Although the precise assessment of occlusion may not be feasible, post-distraction occlusion is extremely important for 9-10 years of aged children. Le Fort I distraction to obtain more preferable occlusion makes sense. Long term orthodontic care is required for postoperative period to observe better occlusion. Complete exchange from baby to permanent teeth depends on the patients. Surgical avoidance to injure teeth germ can be accomplished by careful osteotomy in early adolescence. In our case series, the surgical timing of Le Fort I osteotomy can be lowered down to 10 years of age case by case, although careful follow up is required. No particular impairment of tooth growth was noticed up to 3-7 years postoperatively.


References

  1. Witherow H, Dunaway D, Evans R, Nischal KK, Shipster C, Pereira V, et al. Functional outcomes in monobloc advancement by distraction using the rigid external distractor device. Plast Reconstr Surg. 2008; 121: 1311- 1322.
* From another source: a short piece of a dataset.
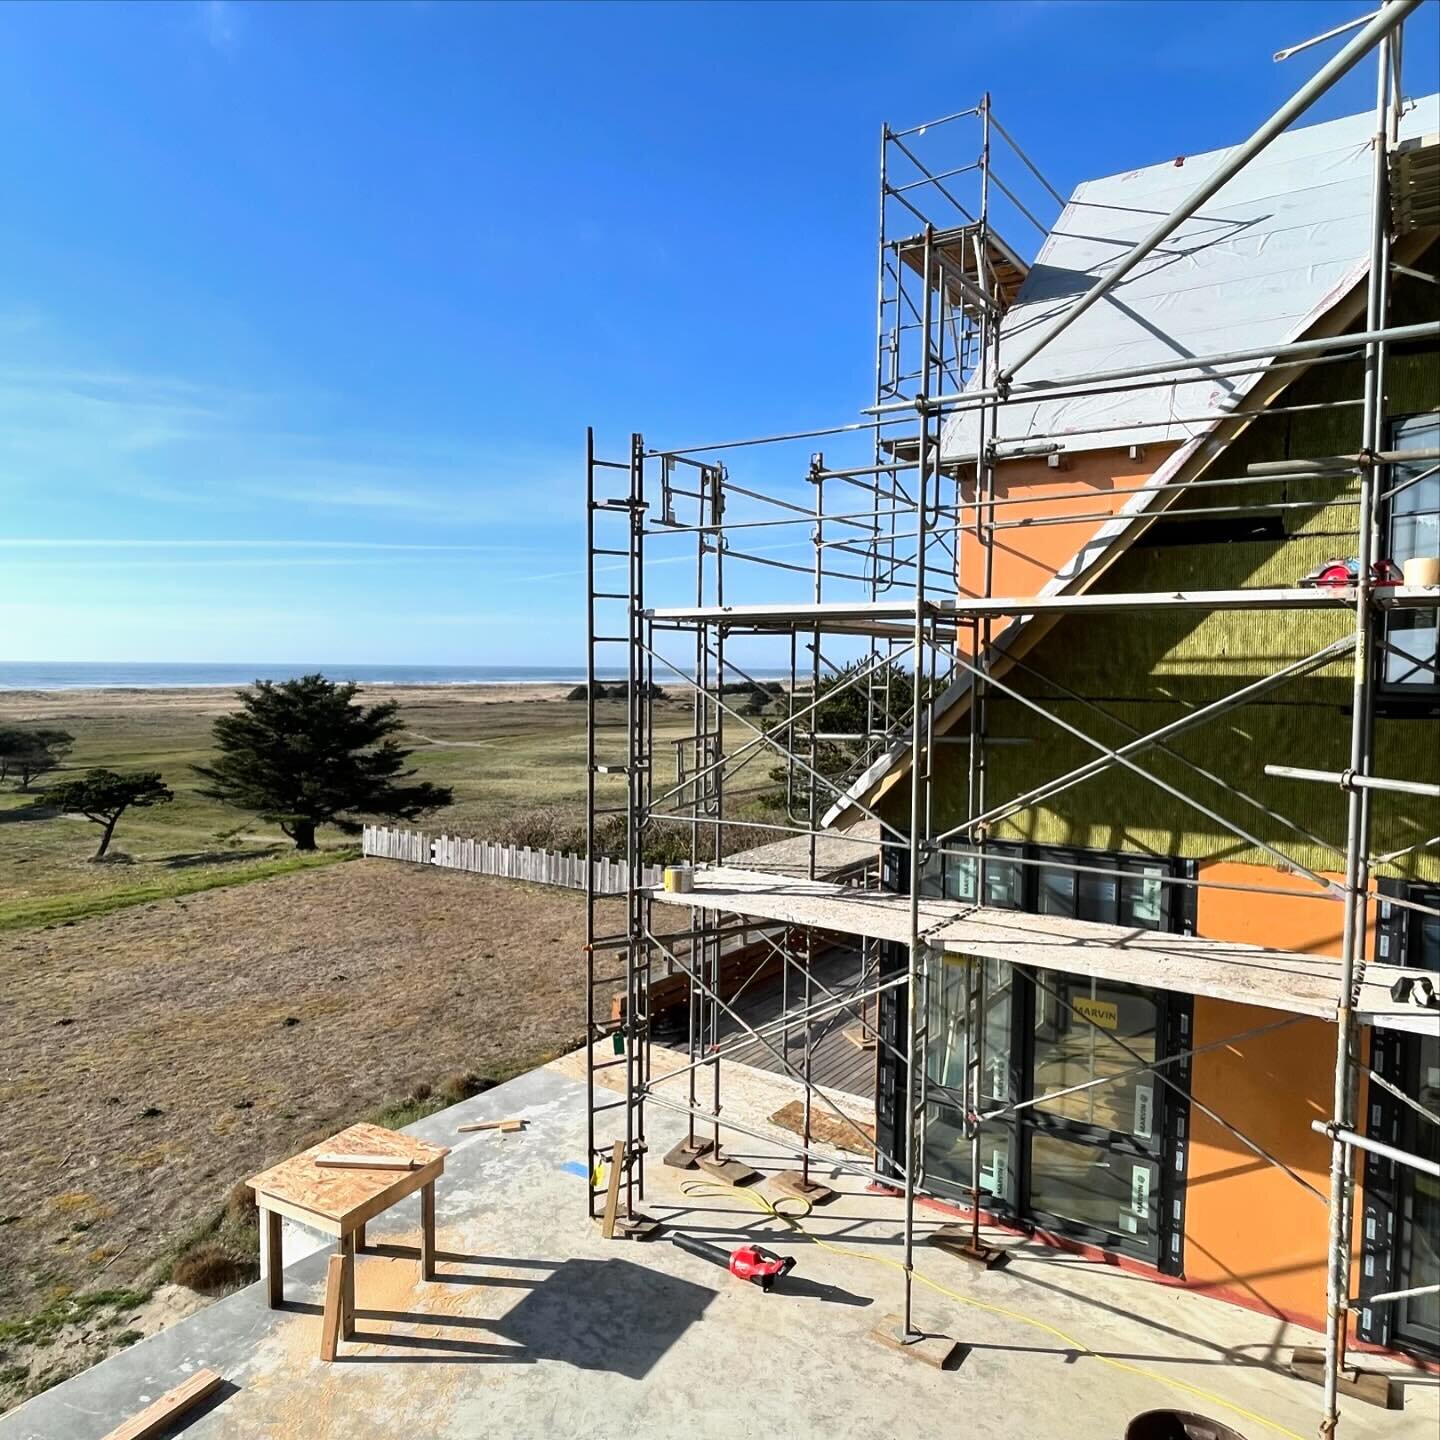 Site visit to a residential project under construction in a small town in the Pacific Northwest. #coastaloregon #customresidentialarchitecture #constructionprogress #oregonbeachhouse #reidarchitecture #tillamookpoint

  2. Fearon JA. Halo distraction of the Le Fort III in syndromic craniosynostosis: A long-term assessment. Plast Reconstr Surg. 2005; 115: 1524-1536.
  3. Satoh K, Mitsukawa N, Hosaka Y. Dual midfacial distraction osteogenesis: Le Fort III minus I and Le Fort I for syndromic craniosynostosis. Plast Reconstr Surg. 2003; 111: 1019-1028.
  4. Uwe Klammert, Hartmut Böhm, Tilmann Schweitzer, Kristian Würzler, Uwe Gbureck, Jürgen Reuther, et al. Multi-directional Le Fort III midfacial distraction using an individual prefabricated device. J Cranio-Maxillofac Sur. 2009; 37: 210-215.